Due to the complexity, number of services, clustered systems, and other components that comprise an OpenStack cloud, some kind of tooling is required to manage its deployment (and hopefully life-cycle over time). There are several systems available to manage an OpenStack cloud, such as Mirantis’ Fuel, OpenStack Ansible, upstream Tripleo, to name only a few.
RedHat also offers such a product: Director. At least I think it’s called Director, and I believe is part of the RedHat OpenStack Platform.
In this blog post I’ll do a quick overview of RedHat Director 8 with regards to using it to install an OpenStack cloud. I should note that I am still working to understand some functionality of Director, especially around custom modification and post-deployment changes–though things are not looking well on those two points at this time. However, more investigation and experimentation is required. So there will be a second post on Director in the near future.
I should also note that I usually prefer to deploy OpenStack myself, most commonly using Cobbler and Ansible, though at some point I’d prefer to try to use Ironic over Cobbler. I find that I can deploy a complex OpenStack cloud in a couple thousand lines of Ansible. Whether or not to use an OpenStack deployment tool is a difficult discussion, though I can understand why deployment tools such as Director are chosen. It’s similar to discussions on web frameworks. Some people like them, some people don’t. Occasionally it’s not possible to use a framework, but most of the time it’s a good decision–as long as they are flexible.
Most OpenStack deployment systems do at least the following in some manner:
Each of these systems will make different, though similar decisions. For example RedHat Director uses Ironic to manage baremetal operating systems, whereas Mirantis Fuel uses Cobbler. While Director’s configuration management component is mostly based on upstream OpenStack Puppet modules, OpenStack Ansible uses…you guessed it…Ansible. Regarding OpenStack control services, Director currently takes a monolithic approach and deploys all control services onto a single operating system instance (though can have multiple controllers), OpenStack Ansible deploys tens of LXC based containers with each major service running in its own container.
##What I like about Director
There are a few things that I like about RedHat’s Director:
Director is quite sparse. There is no fancy web interface, or at least not one that I’m aware of. I don’t mind because I prefer to use the command line, and more specifically, if there is no web GUI, and the deployment is based on templates and the openstack overcloud command, then the deployment definition can be stored in a source code repository. This makes it much easier to have repeatable installations.
OpenStack Ironic is an interesting project used to manage baremetal (ie. physical servers) instead of virtual machines.
Ironic is an OpenStack project which provisions bare metal (as opposed to virtual) machines by leveraging common technologies such as PXE boot and IPMI to cover a wide range of hardware, while supporting pluggable drivers to allow vendor-specific functionality to be added.

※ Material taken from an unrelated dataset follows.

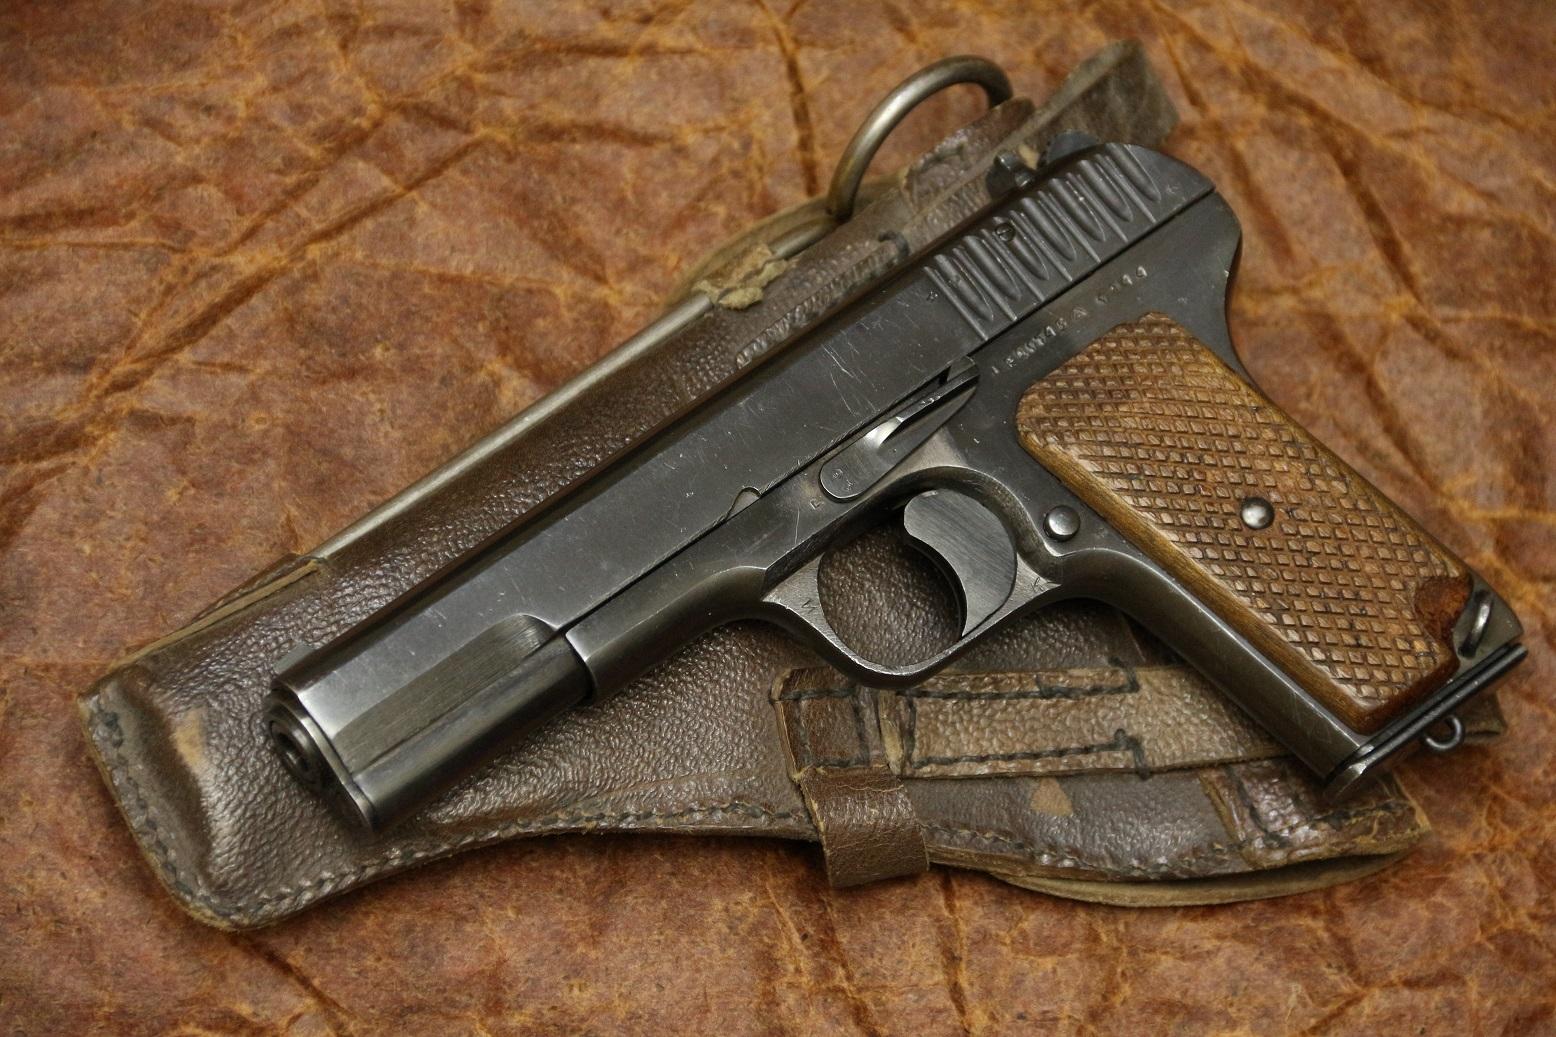 Охолощенный пистолет ТТ-СХ 1944 года, №ЕД1746, комплект

As mentioned, I typically use Cobbler for this part of an OpenStack deployment, but I’m enjoying using Ironic with Director. That said, Ironic is much more complicated than Cobbler, and things that are easy with Cobbler are not so easy with Ironic. However, they are much different systems and even though they effectively do the same thing, I’m not sure it’s possible to compare them. Given my preference for an undercloud, it would make sense to incorporate Ironic there.
Repeatable deployments are important but perhaps not for the reason you would expect. All of these deployment tools need to be developed using modern continuous integration tools. And in fact all of the examples I provided, Director, Fuel, and OpenStack Ansible, do just that. This improves their quality because every change to their code is checked via CI. Though, I’m not sure how many of them test an HA deployment, as they typically only have the resources for some kind of all-in-one virtual deployment.
During my own investigation I have probably deployed the Overcloud 40 times. Each time make slight changes to the Director templates, gradually improving my deployment. It’s important that a deployment be based in code, not in clicking buttons in a graphical interface.
For example, a new deployment requires these steps:
director$ heat stack-delete overcloud -y #delete the current cloud director$ #edit templates if required director$ ./bin/overcloud-deploy.sh #this contains the rather long deployment command referencing several templates director$ #wait for it to complete director$ heat stack-list +--------------------------------------+------------+-----------------+---------------------+--------------+ | id | stack_name | stack_status | creation_time | updated_time | +--------------------------------------+------------+-----------------+---------------------+--------------+ | e24a92a9-dc9f-462b-af16-c8329714f238 | overcloud | CREATE_COMPLETE | 2016-07-22T19:18:11 | None | +--------------------------------------+------------+-----------------+---------------------+--------------+ director$ #run validation tests, if everything looks good, check in the changes
Repeatable deployments are extremely important, and that is one area Director (and Tripleo) shines.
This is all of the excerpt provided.